論文参考訳（メタデータ） (2025-05-06T17:24:41Z)
Debiasing Vison-Language Models with Text-Only Training [15.069736314663352]
視覚バイアスを軽減するために,テキスト・アズ・イメージ・トレーニング・パラダイムを活用するTODというテキスト・オン・デバイアス・フレームワークを提案する。そこで本研究では,テキスト・アズ・イメージ・トレーニングのパラダイムを活用し,視覚バイアスを緩和するテキスト・オン・デバイアス化フレームワークTODを提案する。
論文参考訳（メタデータ） (2024-10-12T04:34:46Z)
A Unified Debiasing Approach for Vision-Language Models across Modalities and Tasks [12.313257689227013]
本稿では,機能プルーニングと低信頼プルーテーションを統合した新しい手法であるSelective Feature Imputation for Debiasing(SFID)を紹介する。 SFIDは多用途であり、出力のセマンティックな整合性を維持し、再訓練の必要性をなくすことで費用対効果を発揮できる。実験の結果,ゼロショット分類,テキスト・ツー・イメージ検索,画像キャプション,テキスト・ツー・イメージ生成など,様々なVLMタスクにおけるSFIDの有効性が示された。
論文参考訳（メタデータ） (2024-10-10T03:57:48Z)
Distilling Vision-Language Foundation Models: A Data-Free Approach via Prompt Diversification [49.41632476658246]
我々は、数十億レベルの画像テキストデータセットにアクセスすることなく、DFKDをVision-Language Foundation Modelsに拡張することについて議論する。目的は,配当に依存しないダウンストリームタスクに対して,与えられたカテゴリ概念を学生モデルにカスタマイズすることである。本稿では,多様なスタイルで画像合成を促進するために,3つの新しいプロンプト分岐法を提案する。
論文参考訳（メタデータ） (2024-07-21T13:26:30Z)
Debiasing Multimodal Large Language Models via Penalization of Language Priors [38.97645845493758]

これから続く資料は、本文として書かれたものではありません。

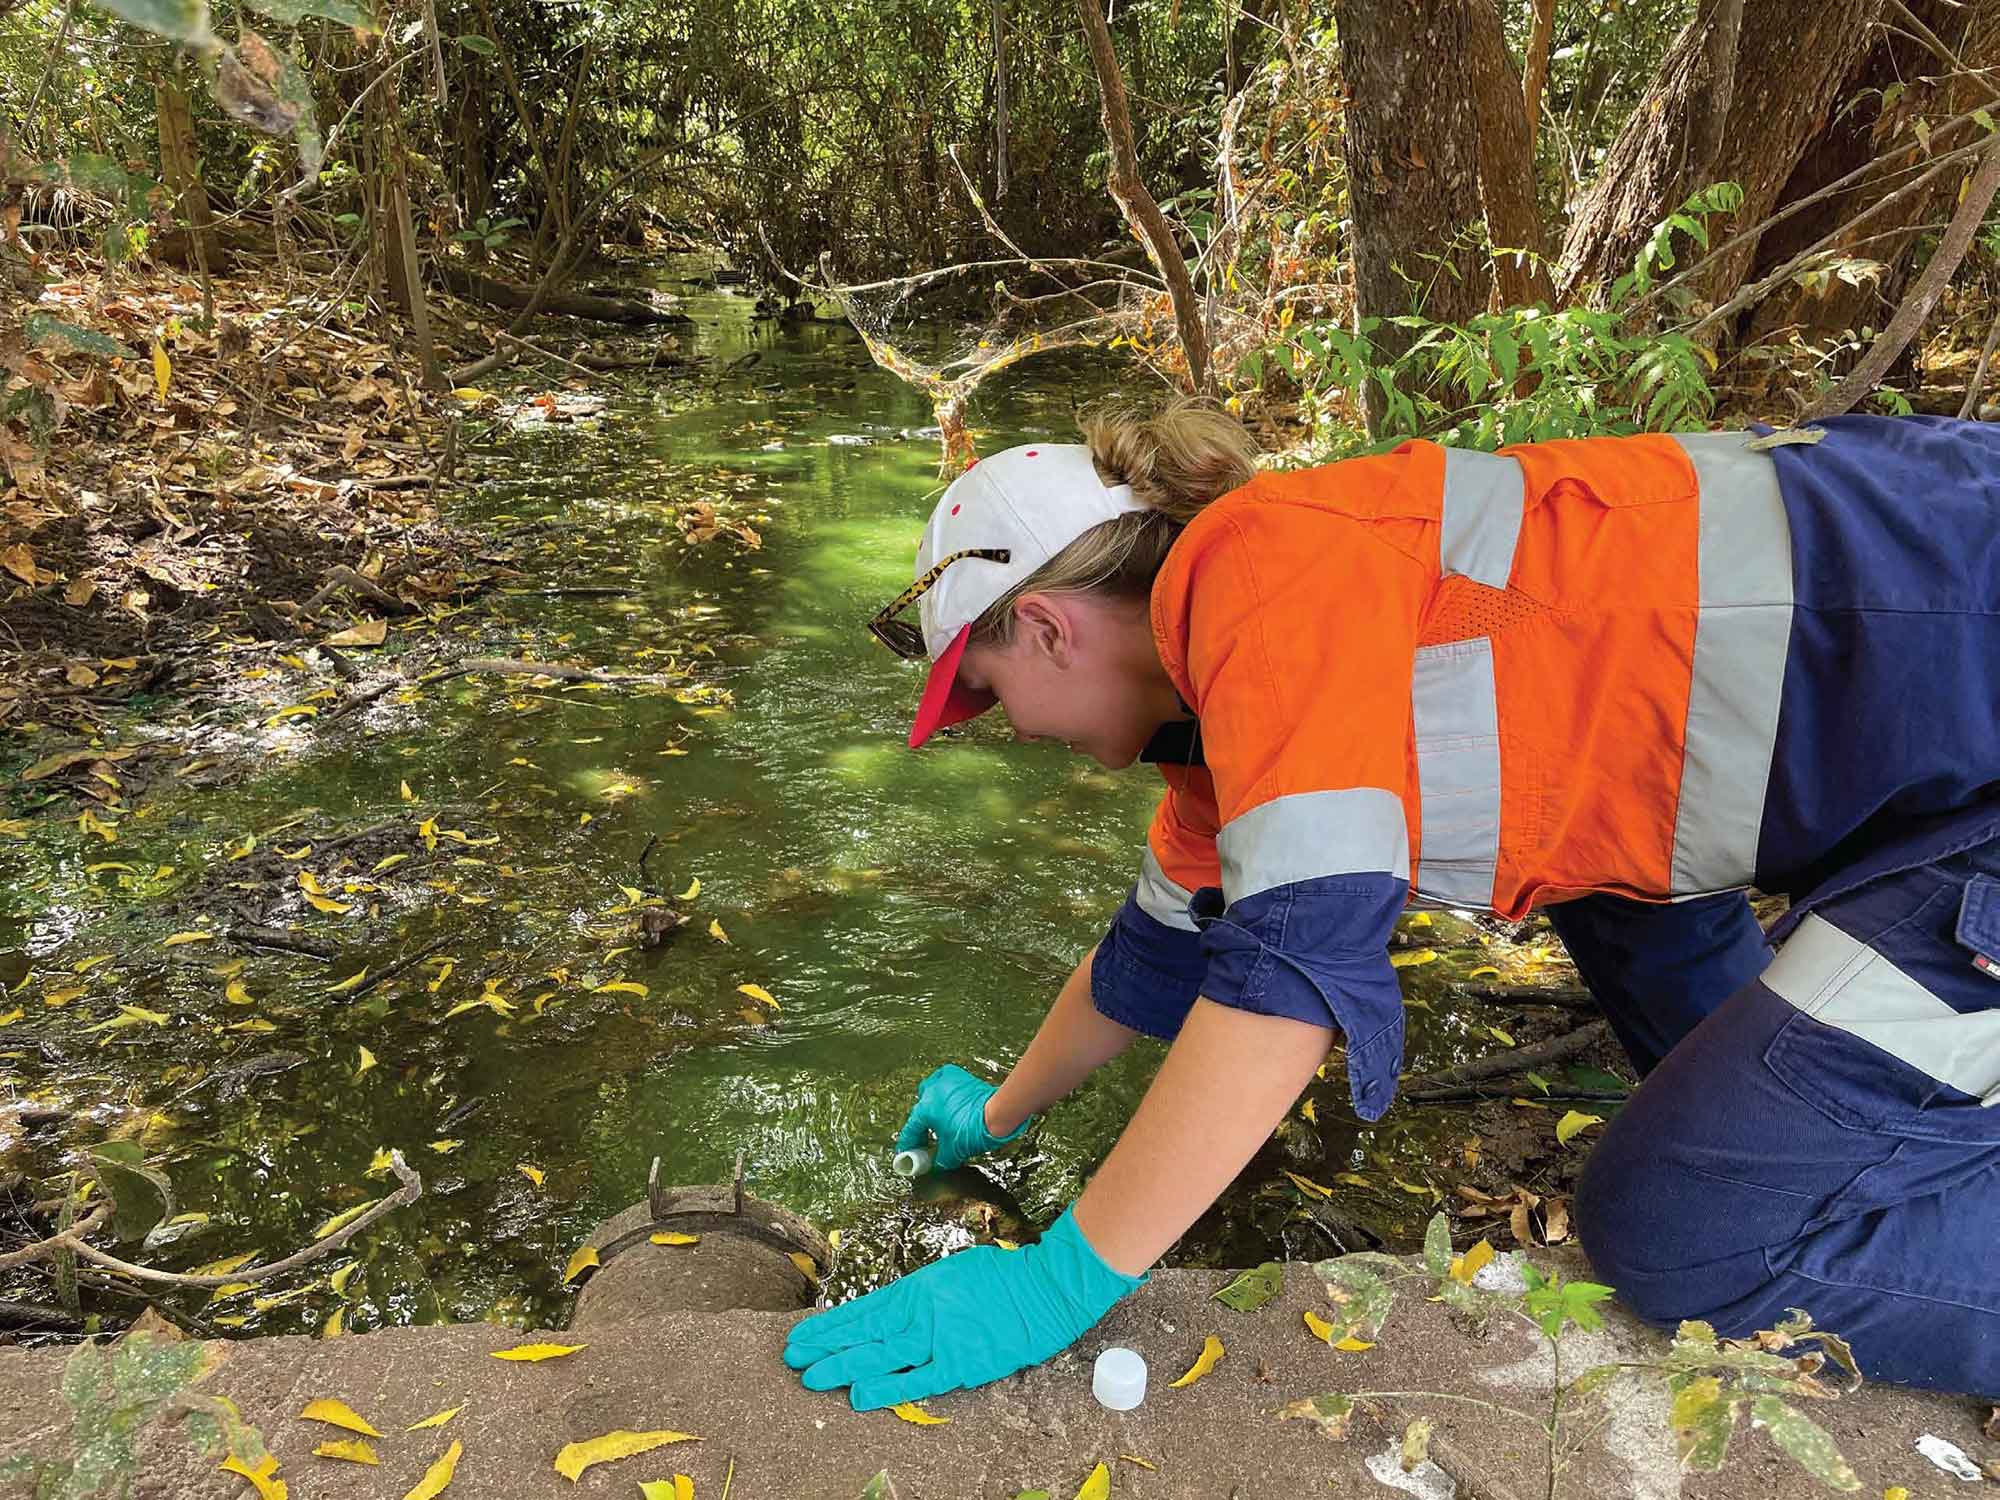 Worker sampling water from a body of water.

MLLM(Multimodal Large Language Models)は、コンピュータビジョンや自然言語処理において欠かせないツールとなっている。生成されたコンテンツは、入力画像よりも、基礎となるLarge Language Models (LLMs) の本質的な先行性によって駆動されることが多い。本稿では、これらのバイアスを補正し、視覚情報に対するモデルの焦点をリダイレクトするための、単純でトレーニングのない2つの戦略を提案する。
論文参考訳（メタデータ） (2024-03-08T12:35:07Z)
Debiasing Vision-Language Models via Biased Prompts [79.04467131711775]
本稿では,テキスト埋め込みにおけるバイアスのある方向を投影することで,視覚言語基盤モデルを疎外する一般的な手法を提案する。偏平投影行列を組み込んだテキストのみをデバイアスすることで、ロバストな分類器と公正な生成モデルが得られることを示す。
論文参考訳（メタデータ） (2023-01-31T20:09:33Z)

関連論文リストは本サイト内にある論文のタイトル・アブストラクトから自動的に作成しています。

指定された論文の情報です。
本サイトの運営者は本サイト（すべての情報・翻訳含む）の品質を保証せず、本サイト（すべての情報・翻訳含む）を使用して発生したあらゆる結果について一切の責任を負いません。